М. Родин: То есть воспользоваться этим моментом.

В. Сеничев: Да. И соединение, его высота, соотношение, грубо говоря, сильного и слабого давления – это и есть основа европейского искусства, мастерства фехтования, когда из соединения происходит либо перевод, либо резкий укол, либо продавливание меча оппонента. Либо наоборот, если оппонент очень сильно на вас давит, даётся совет, например: «пусть он давит дальше, позвольте его мечу проехать дальше, сами просто нырните в сторону, подкиньте его, сбросьте». Таких советов очень много в трактатах.

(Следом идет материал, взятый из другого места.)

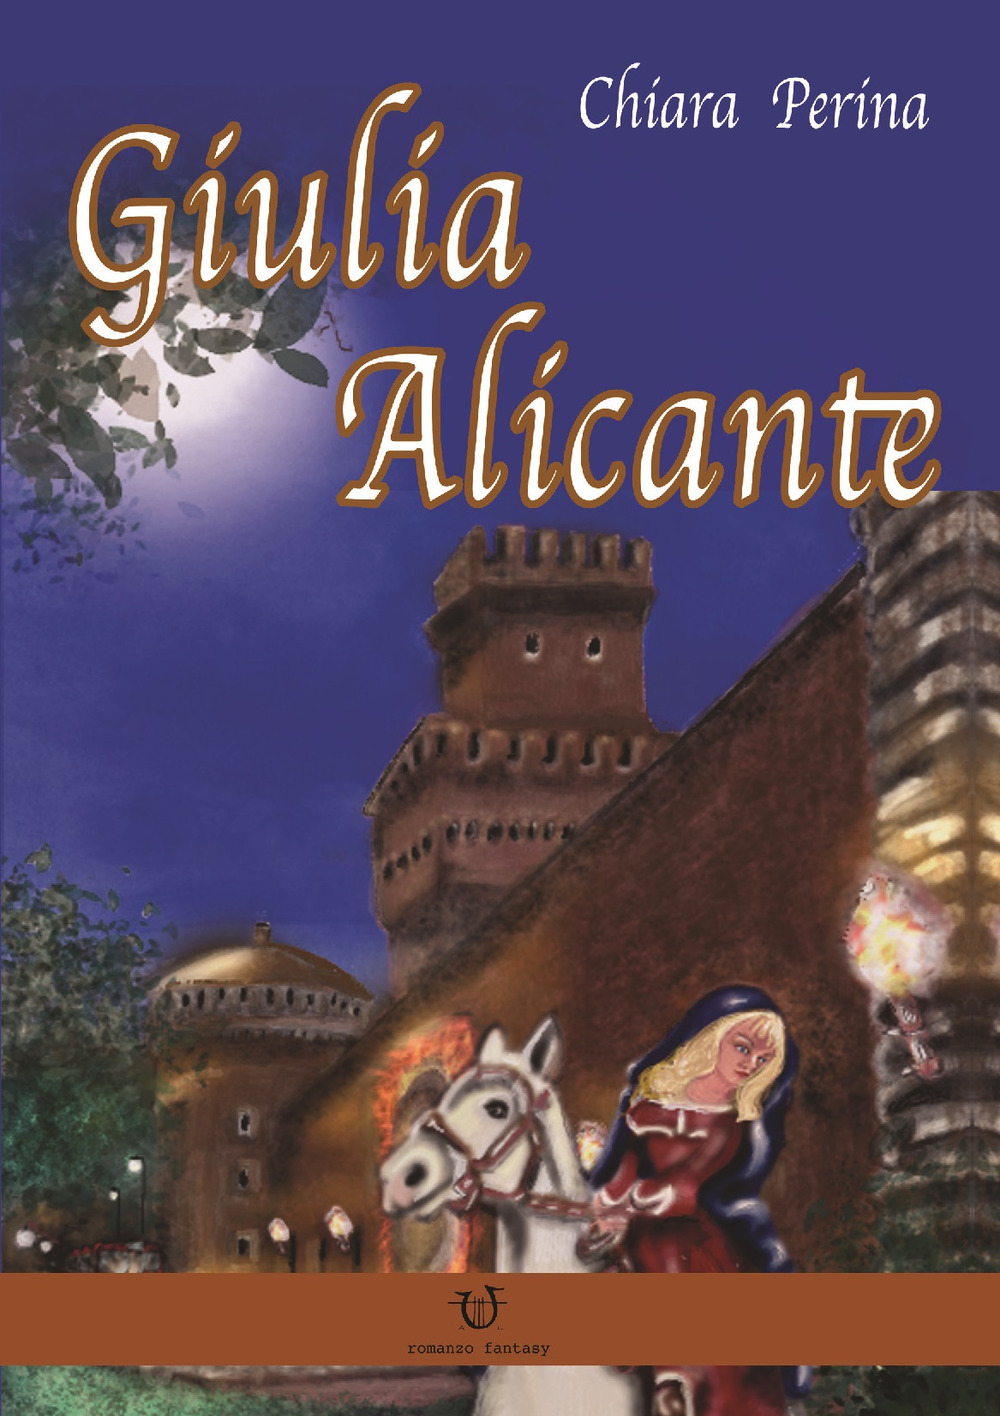 Giulia Alicante

И видно, что эксплуатируется идея, что в соединении можно с противником сделать что-то. Мы часто видим в исторических фильмах, особенно в старых, что два противника соударились клинками и давят друг на друга. Вектор у них ровно направлен в ноль, т.е. друг на друга. Но исторически в момент соударения, если бы противник сильно бы давил, скорее всего, умный фехтовальщик просто бы чуть-чуть подвернул эфес и позволил бы его мечу проскользнуть в сторону от себя вправо или влево, а сам бы уже в открытого противника легко стал бы наносить нужный ему удар, или бы схватил его за руки и заломал. Это есть та часть фехтовального искусства, которую фехтовальные трактаты передают нам.

М. Родин: В начале XV в. Фиоре де Либери – первый достаточно подробный дошедший до нас трактат. Он происходит с территории чуть севернее Венеции, чуть ближе к Хорватии. Но, я так понимаю, мы не можем ещё говорить, что это итальянская школа фехтования. Как дальше это всё развивалось, и какие появлялись ответвления, национальные школы, и т.д.?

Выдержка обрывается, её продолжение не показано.